++++ Extracted material
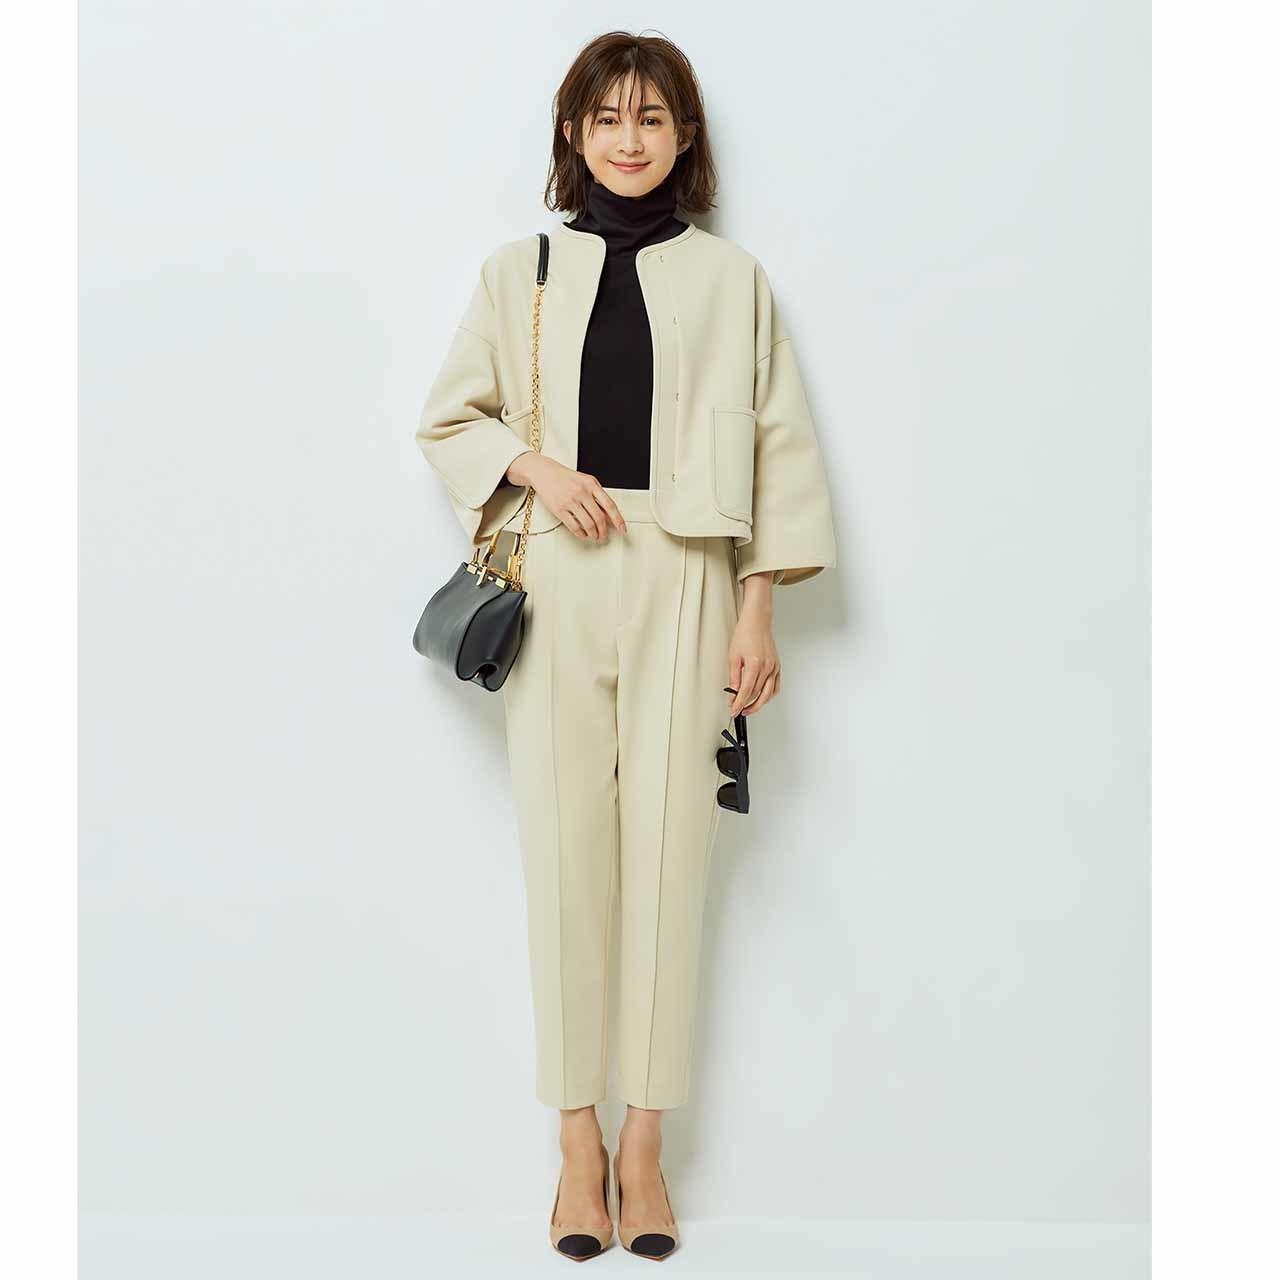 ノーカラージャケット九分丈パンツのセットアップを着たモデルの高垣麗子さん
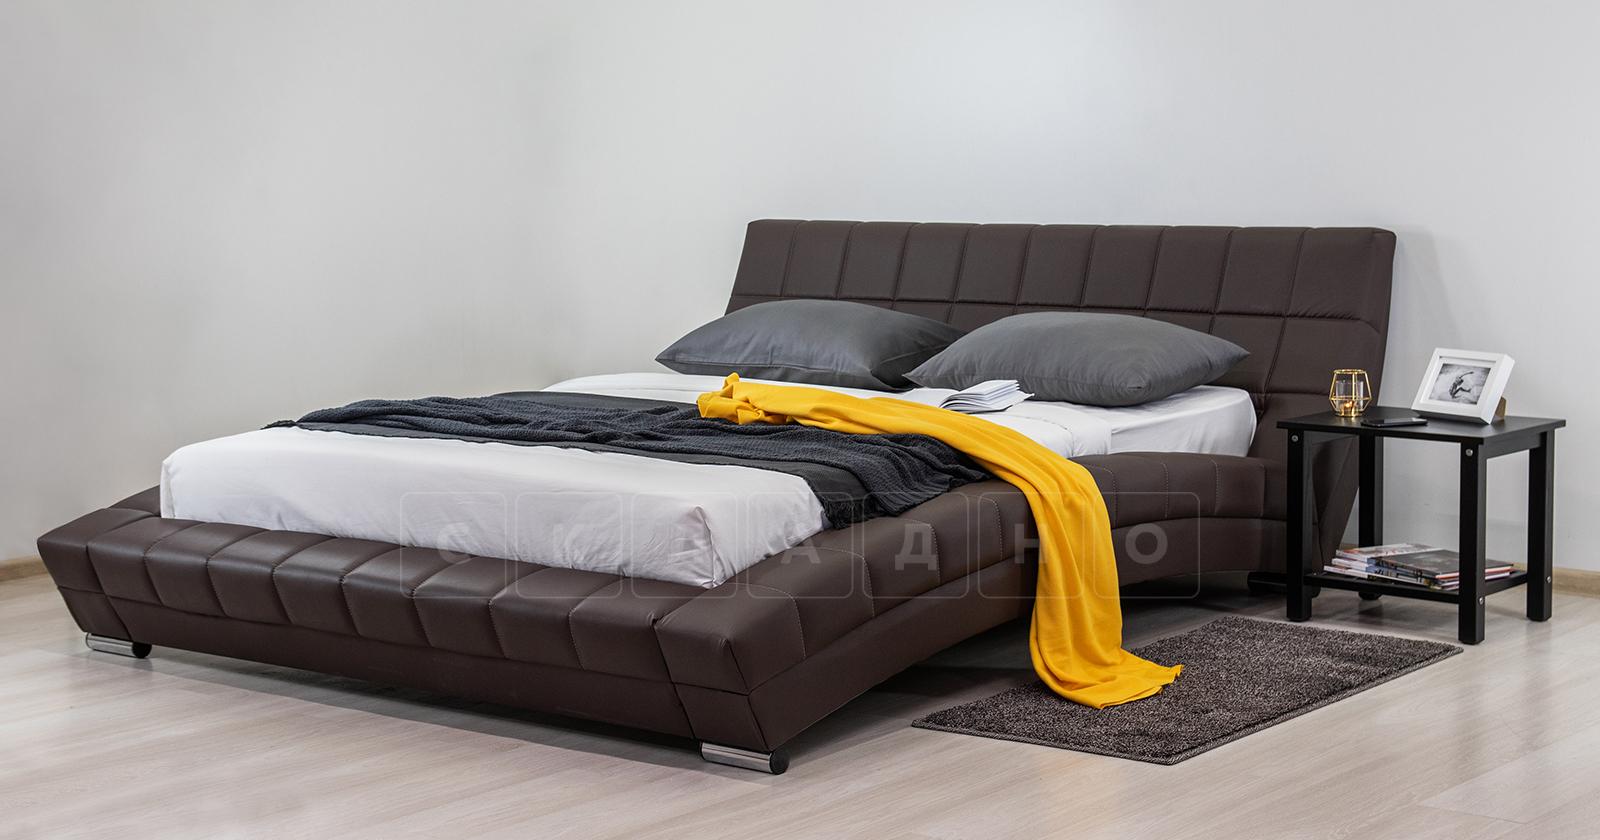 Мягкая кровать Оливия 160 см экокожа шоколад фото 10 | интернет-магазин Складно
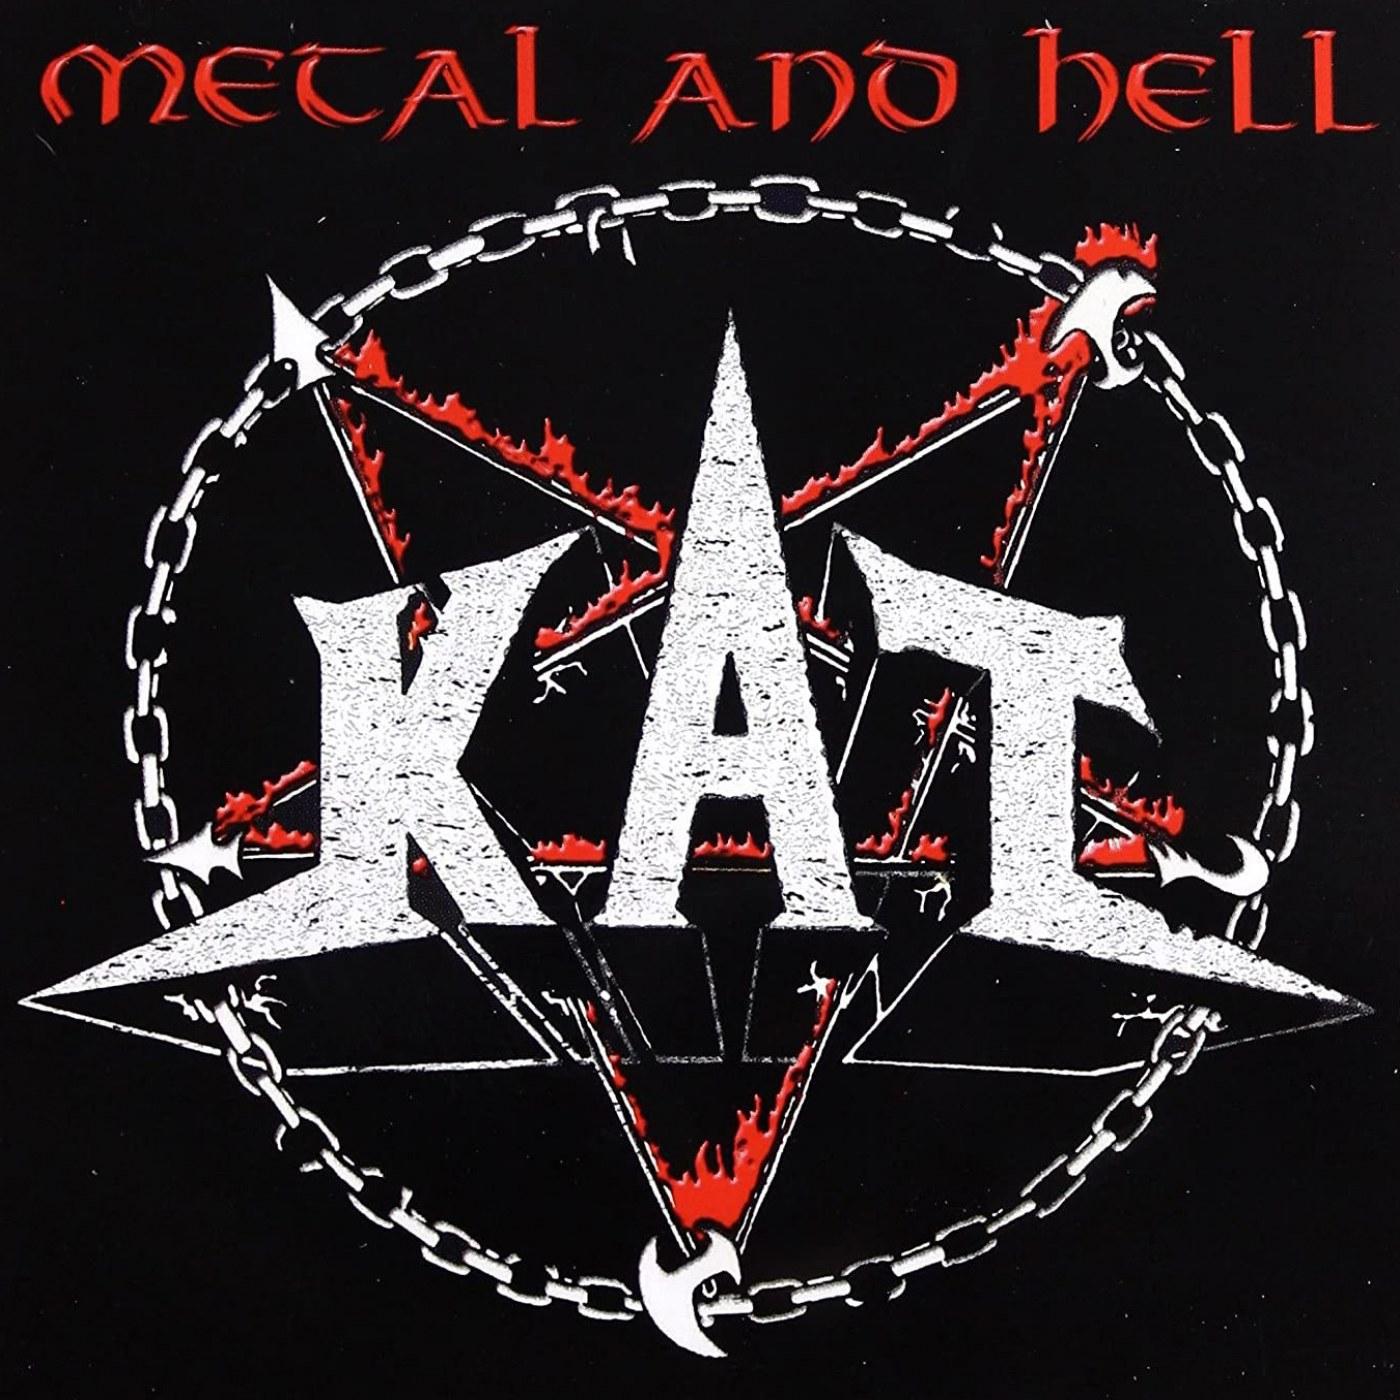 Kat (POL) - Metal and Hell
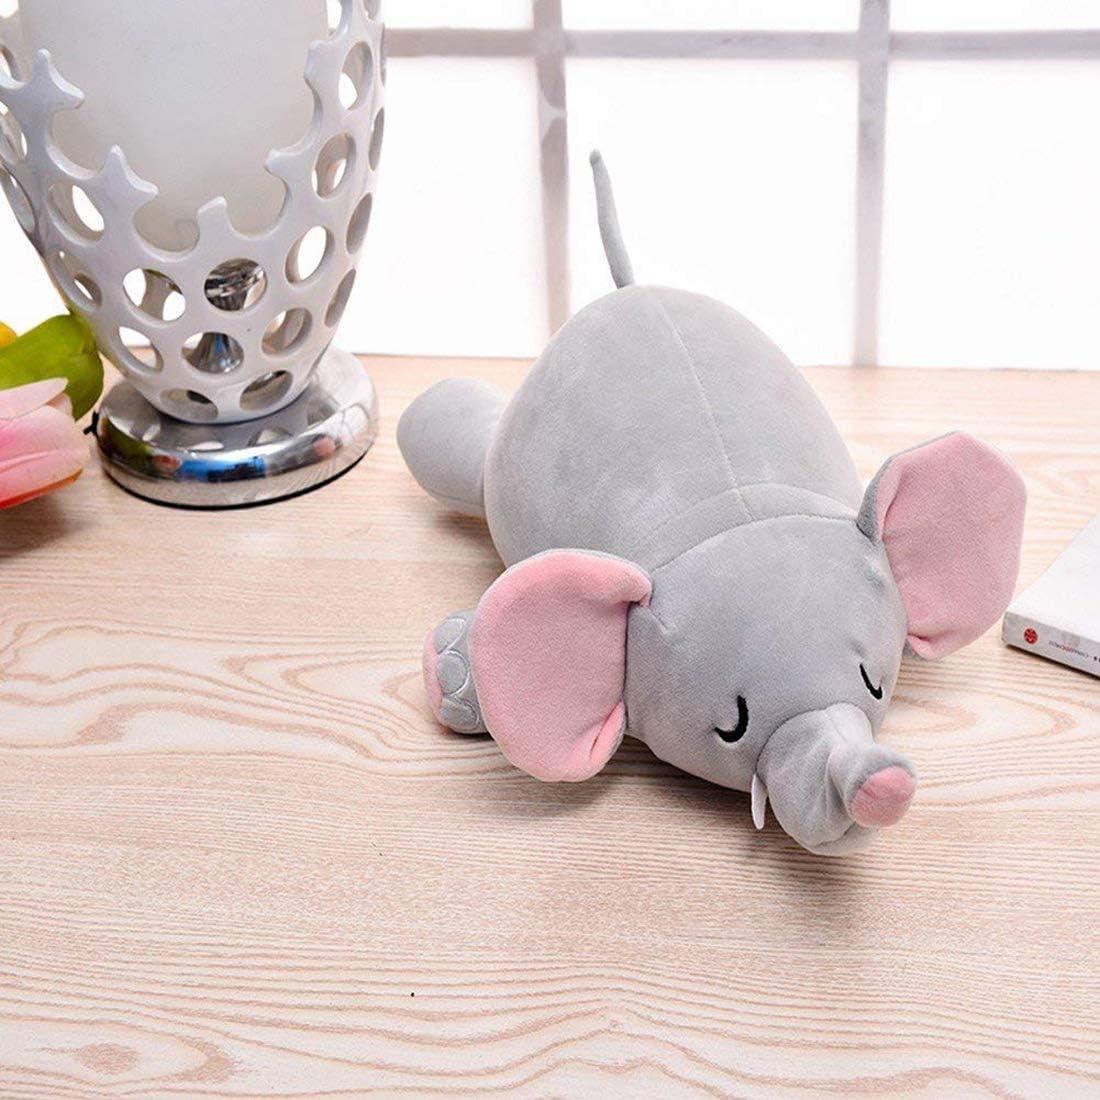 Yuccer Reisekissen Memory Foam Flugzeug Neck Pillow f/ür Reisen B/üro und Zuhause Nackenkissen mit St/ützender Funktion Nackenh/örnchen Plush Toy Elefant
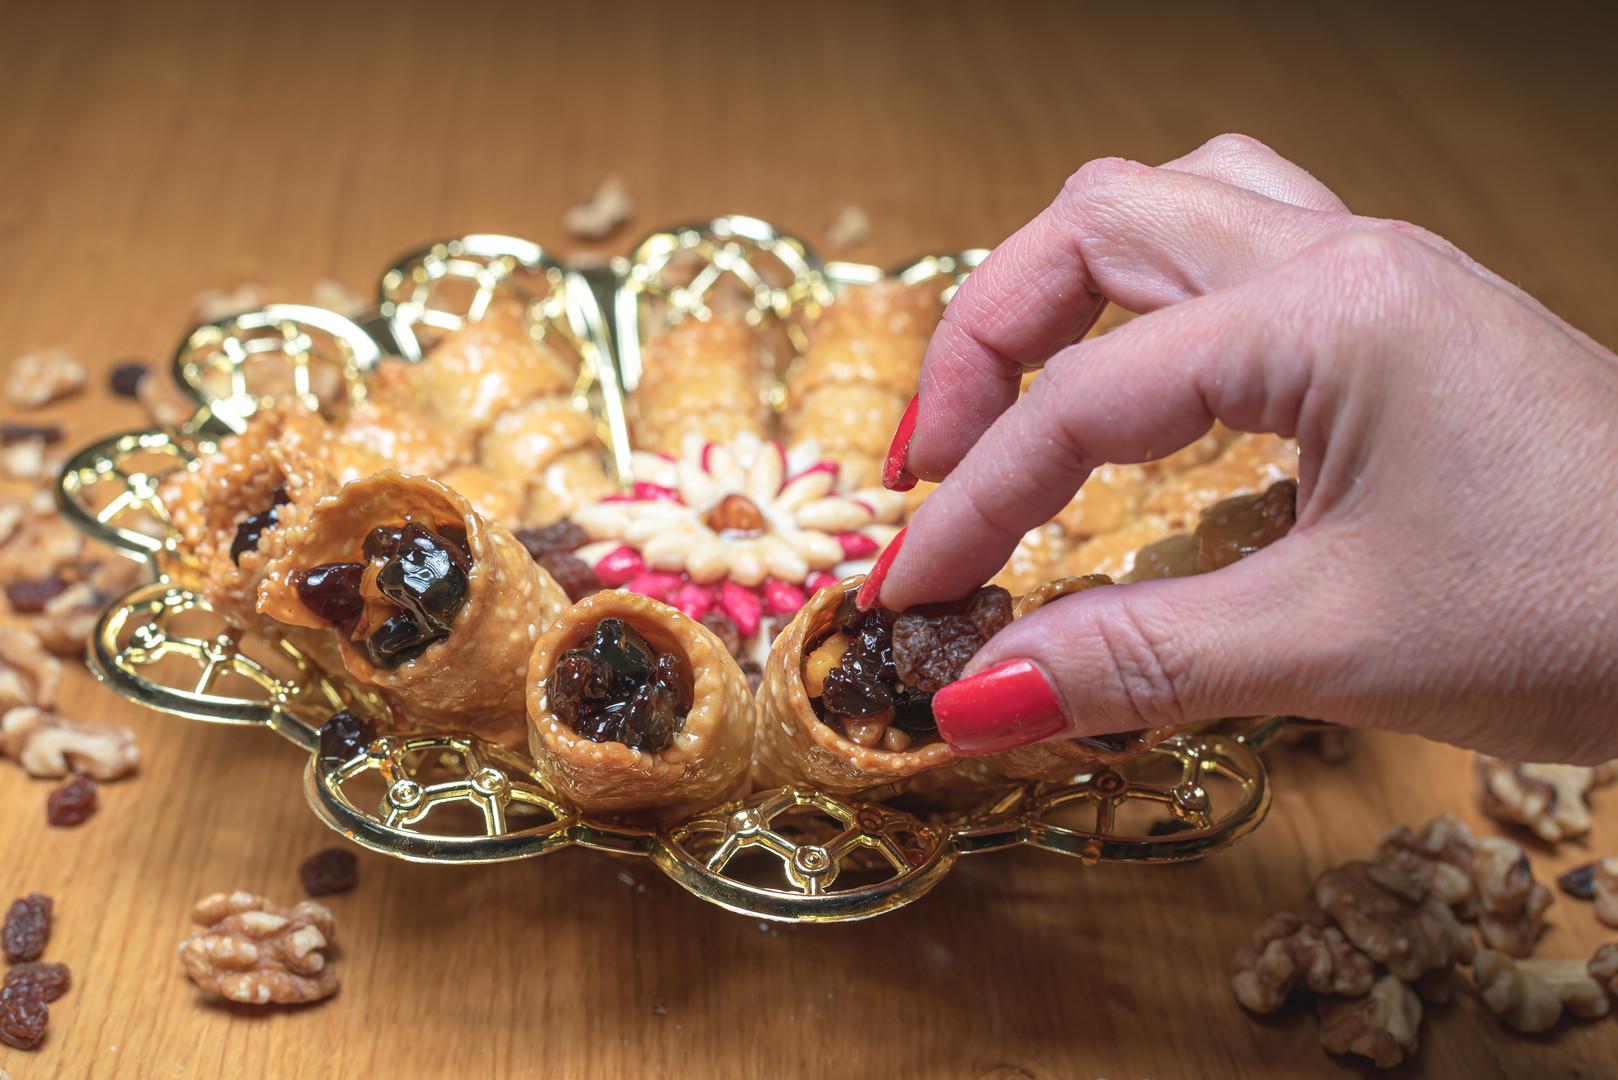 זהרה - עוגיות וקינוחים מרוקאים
++++++++
» Task objective:
Starting at the line that contains "Kat (POL) - Metal and Hell", extract each line through the last line of the material exactly as written, and include no pictures.

» Finished task:
 Kat (POL) - Metal and Hell
 Yuccer Reisekissen Memory Foam Flugzeug Neck Pillow f/ür Reisen B/üro und Zuhause Nackenkissen mit St/ützender Funktion Nackenh/örnchen Plush Toy Elefant
 זהרה - עוגיות וקינוחים מרוקאים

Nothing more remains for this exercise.